The changes are intended to offer credit unions more investment flexibility subject to certain requirements.

A new supervisory statement, SS2/23 – Supervising credit unions, has been issued, which supersedes SS2/16 – The prudential regulation of credit unions.

The new supervisory statement seeks to address the PRA’s concerns about the potential risks posed by large credit unions as signalled in CP7/22 by strengthening the risk management regime for credit unions focusing specifically on capital and risk management:

Credit UnionAdditional regulatory expectations
Holding more than £10m in assets
  • Counterparty risk and concentration limits
  • Expanded liquidity management policy statement
  • Risk appetite statement
  • Core systems and outsourcing arrangements
Holding more than £50m in assets
  • Liquidity stress testing on a periodic basis (at least annual)
  • Scenario analysis focusing on strategic initiatives and external risks
  • People, processes, and technology required to deliver critical services
  • Operational risks, including external disruptions stemming from providers supporting critical services
Holding more than £100m in assets
  • Exit strategy that avoids negative effects on members including the steps and resources needed to:
    • Wind down
    • Achieve a transfer of engagements
Investing in complex instruments
  • Counterparty risks and concentration limits
  • Board approved investment policy
Lending to corporate members
  • Overall and individual loan limits
  • Loan risk appetite agreed by the board
  • Monthly management information reporting to the board
  • Scenario analysis for credit risk
Providing consumer credit
  • Adequate board knowledge and expertise
  • Credit card policy outlining how risks are monitored and mitigated and covering:
    • Risk management arrangements
    • Outsourcing arrangement risks
    • Capital requirements
Providing mortgages
  • Systems and controls to mitigate risks stemming from mortgage business
  • Evidence of managing and mitigating financial risks
  • Internal controls on treasury risk management
  • Liquidity stress testing

The supervisory statement also provides clarification on existing expectations for credit unions in connection with governance, business plans, forecasts as well as the role of internal audit.

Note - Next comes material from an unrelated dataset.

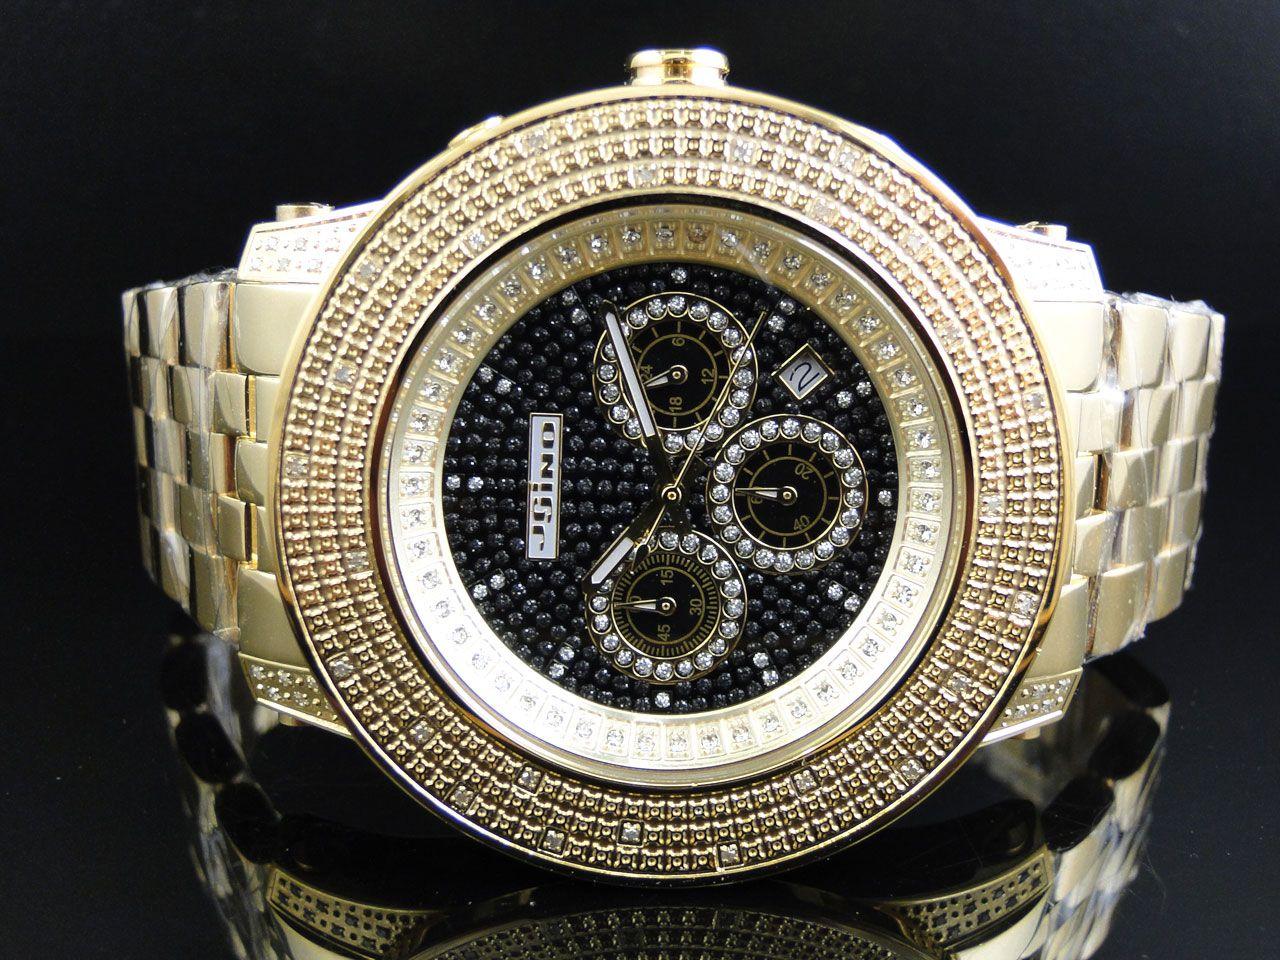 2019 year for women- Ladies Cartier precious diamond watches
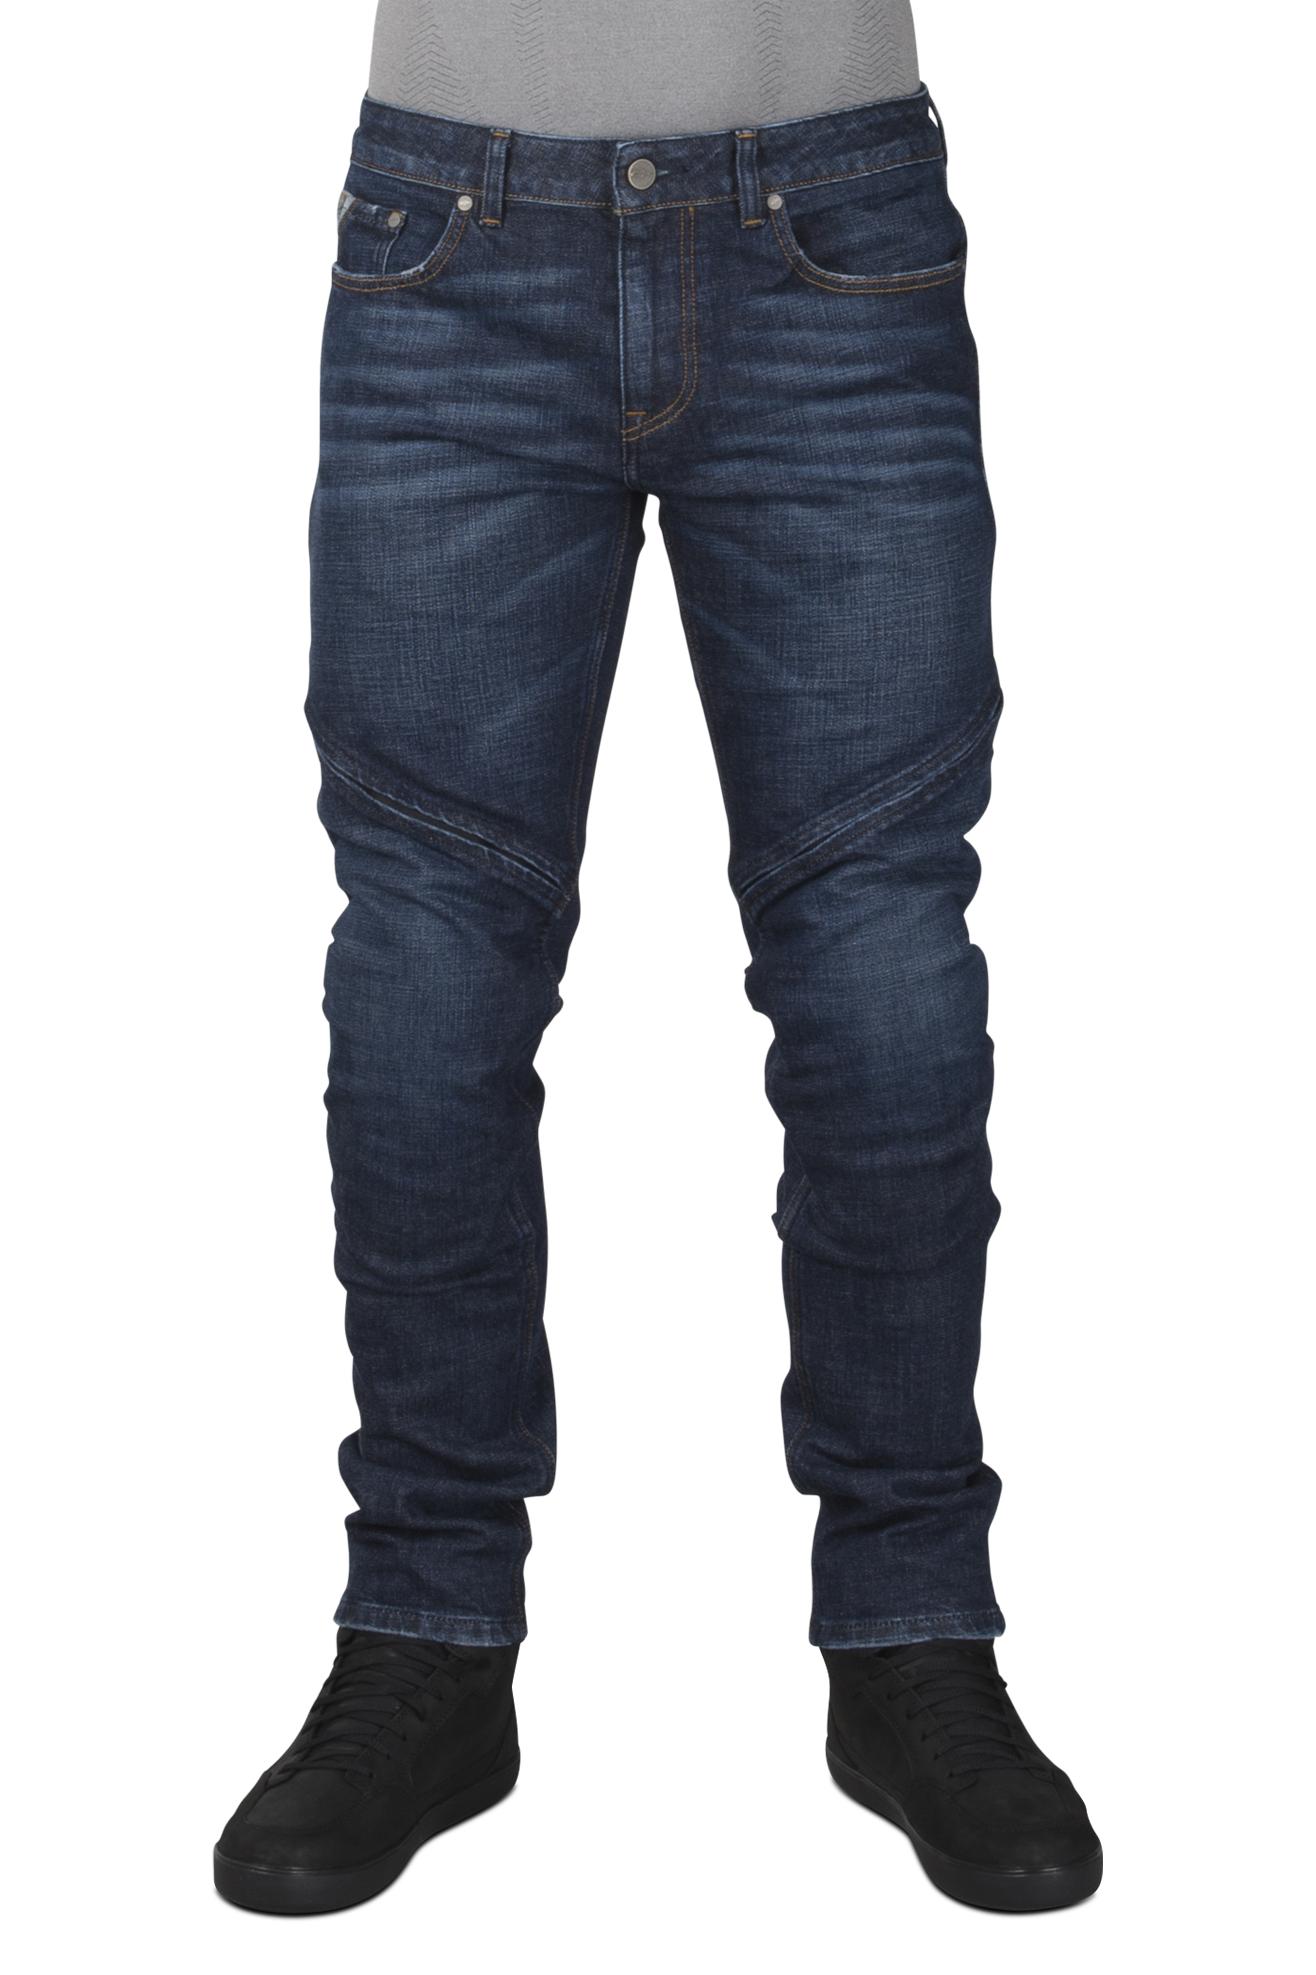 Alpinestars Pantalon Alpinestars Copper Out Jeans Dark

Generally these requirements appear to be aimed at putting a more formal structure around risk management and governance at credit unions in order to prevent or alert of the risk of material defaults or systemic issues. The broad regulatory thrust here is one that aims protect not only the stability of the organisations and the system, but also the consumer.

The new rules and supervisory statement are both effective from August 29, 2023.